Discussion: GOP Divided Over Using Budget Process To Attack O-Care

Yep.

But that’s not all! For absolutely no extra cost to the country, the Congressional GOP Congress promises to bring its entire power, to combine the focus of every single erpublican vote whether in the House or the Senate and hone them all down like a power beam into a frickin LASER towards doing nothing but returning to the president’s desk, again and again, the same House majority and the same less-than-two-thirds Senate majority vote supported bill repealing Obamacare, for whoever long Obama remains in office and do not one single thing otherwise except normal budgetary renewal and debt ceiling raises.

IOW just DARE - and double dare, and triple dare, and quadruple dare, etc etc etc, the president to keep vetoing the repeal of his signature eponymous legislation. He’ll back down sure.

“The only way to do entitlement eligibility changes is on a bipartisan basis,” Senate Majority Leader Mitch McConnell, R-Ky., said Thursday at a news conference at a GOP issues retreat in Hershey, Pa. “We do not intend to be offering unilateral, one party-only entitlement eligibility changes.”

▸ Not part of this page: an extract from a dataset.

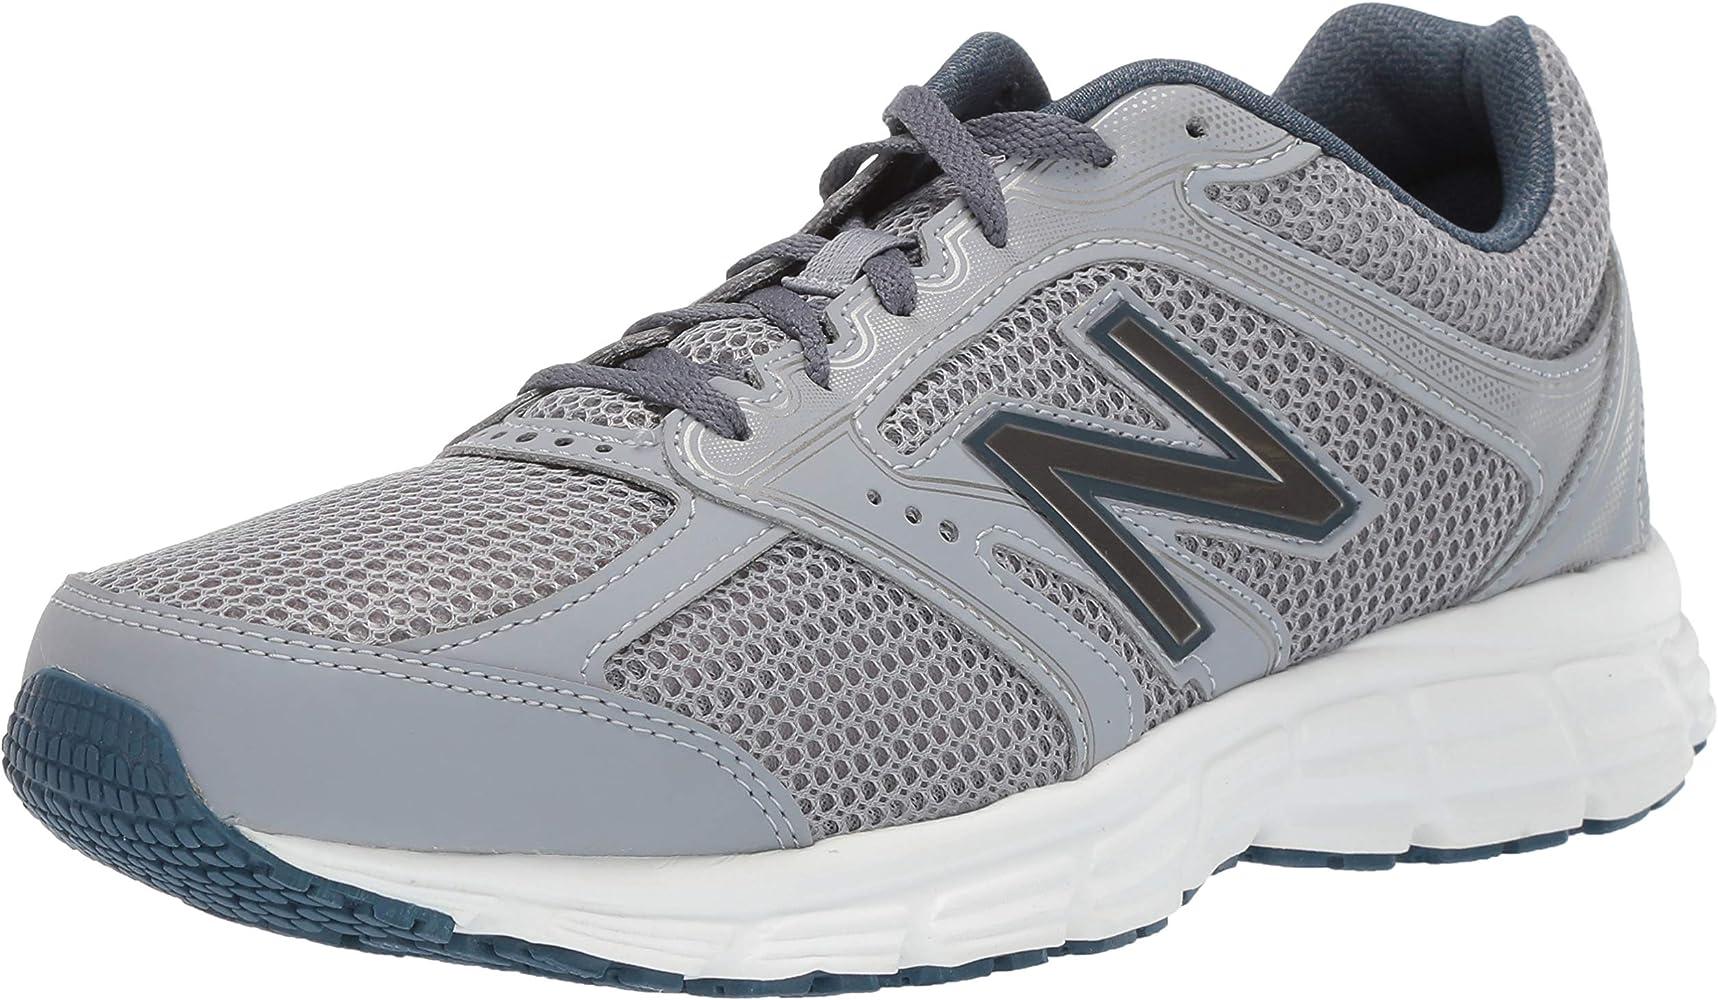 brand new 1749a 0e148 Men's 460v2 Cushioning Running Shoe, Steel/North sea, 15 4E US

I may be a bit slow after a tough weekend, but does anybody else read this as McConnell’s calling the House idiots for setting up a battle over SS with their rule prohibiting transfers from the trust fund to the disability program without paying for them? Or was he just deflecting? But I don’t think McConnell’s ever used the language of the established and popular safety-net programs to refer to the ACA. Anyone know what question he was answering?

The GOP better not screw around too much. They should remember that they have to now prove they can govern. I don’t think they can govern. if they screw around they will end up painting themselves into a corner they cannot get out of.

The terrapin could have just been flapping his jaws.

I’m with you in that I’m having a hard time reading Mitch on this. It might be part trying to rein in a restive caucus, holding his fire over the implications of a Supreme Court ruling that stripped away subsidies and directed Congress to provide a rememdy, and trepidation about the prospect of yet another bombshell being dropped at the State of the Union tomorrow.